Abstract

Community detection is an important analysis task for complex networks, including bipartite networks, which consist of nodes of two types and edges connecting only nodes of different types. Many community detection methods take the number of communities in the networks as a fixed known quantity; however, it is impossible to give such information in advance in real-world networks. In our paper, we propose a projection-free Bayesian inference method to determine the number of pure-type communities in bipartite networks. This paper makes the following contributions: (1) we present the first principle derivation of a practical method, using the degree-corrected bipartite stochastic block model that is able to deal with networks with broad degree distributions, for estimating the number of pure-type communities of bipartite networks; (2) a prior probability distribution is proposed over the partition of a bipartite network; (3) we design a Monte Carlo algorithm incorporated with our proposed method and prior probability distribution. We give a demonstration of our algorithm on synthetic bipartite networks including an easy case with a homogeneous degree distribution and a difficult case with a heterogeneous degree distribution. The results show that the algorithm gives the correct number of communities of synthetic networks in most cases and outperforms the projection method especially in the networks with heterogeneous degree distributions.

1. Introduction

A bipartite network is a network with nodes of two types and edges connecting only nodes of different types. The decomposition of bipartite networks into communities (clusters, modules, or groups), i.e., community detection, plays an important role in revealing the structure of large networked systems, providing new insights into how the network is organized [1–4].

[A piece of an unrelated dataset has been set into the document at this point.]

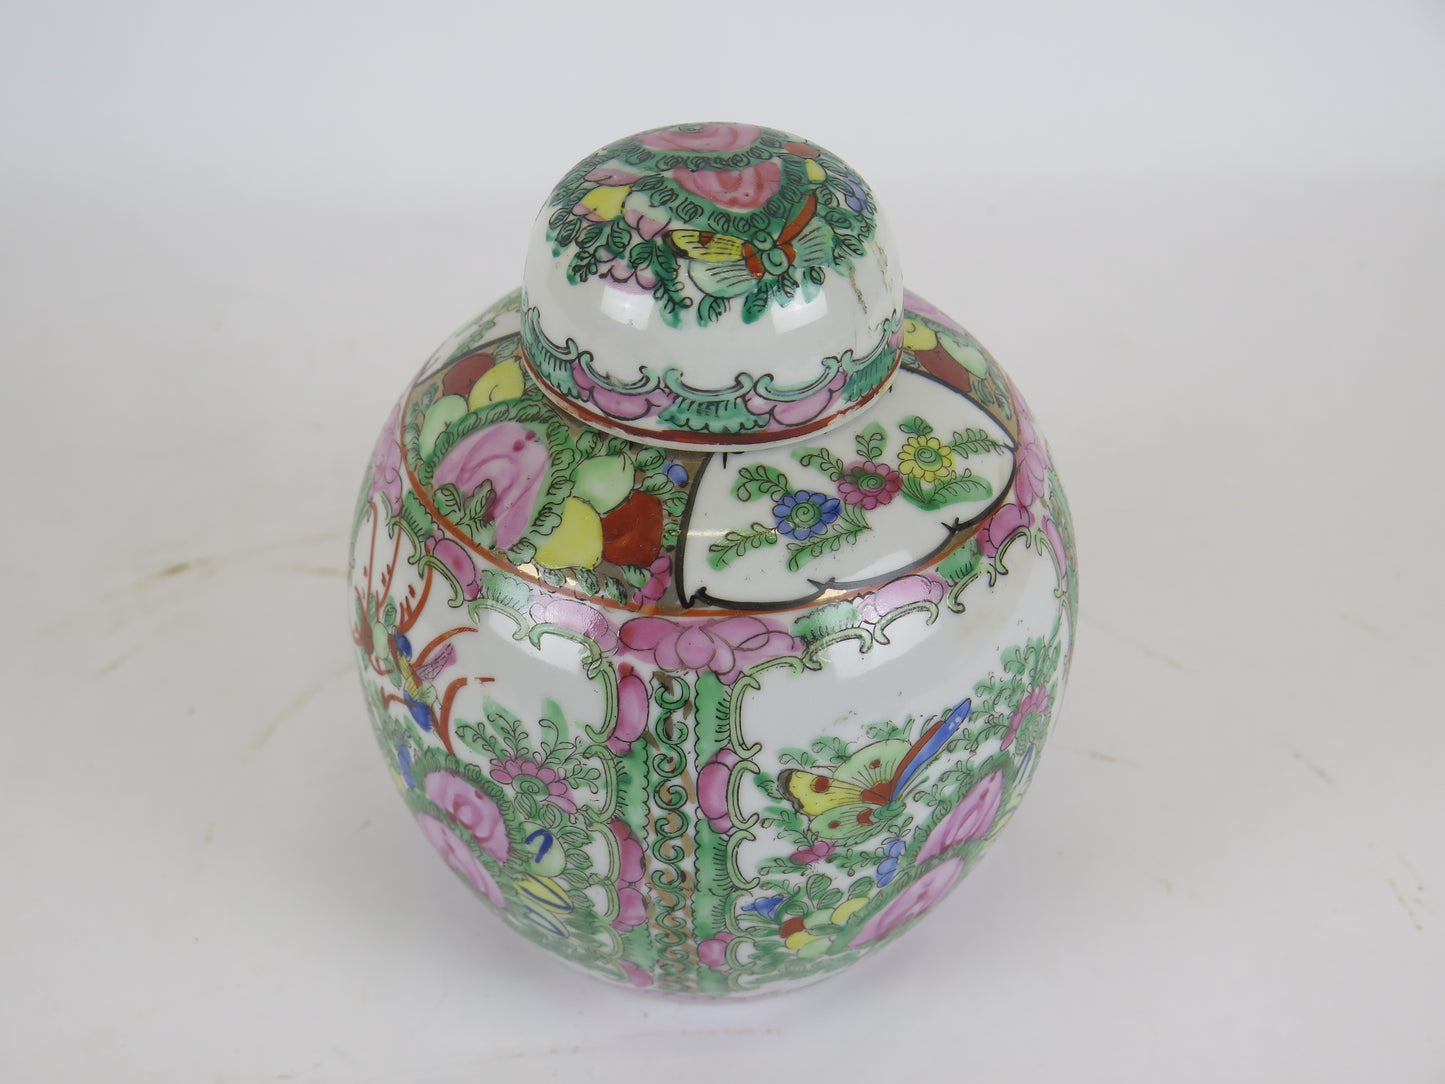 Old Chinese porcelain vase China vintage decorative hand painted bowl CM2

Many methods [5–9] have been developed for community detection in bipartite networks in recent years. A fundamental shortcoming of most community detection methods is that they partition networks into a fixed number of groups. However, this number is usually unknown in real-world networks, and we need to mine such information from the network data. A lot of research [10–13] for making such efforts to determine the number of communities in bipartite networks has been proposed recently. There are three main problems in these methods. One is that they performed estimation through maximizing the modularity proposed in [10, 14] that is proved to be NP-hard [15, 16]; the second is that they gave the number of communities of mixed-type, which is nearly always substantially less efficient [6]; the third is that the projection method [15] performed poorly due to information loss. The heuristic methods proposed in [17, 18] for community detection in bipartite networks does not need the number of communities to be given a priori.

In this paper, we propose a projection-free Bayesian inference method for determining the number of pure-type communities in a bipartite network. Our method builds mainly on the work as below: (i) the degree-corrected bipartite stochastic block model, proposed by Larremore et al. [6], is used to find the community structure of empirical networks with broad degree distributions; and (ii) the prior probability distribution over divisions of a network into groups and a new prior probability distribution based on a queueing-type process, both proposed by Riolo et al. [4], are used for calculating the number of communities in a unipartite network.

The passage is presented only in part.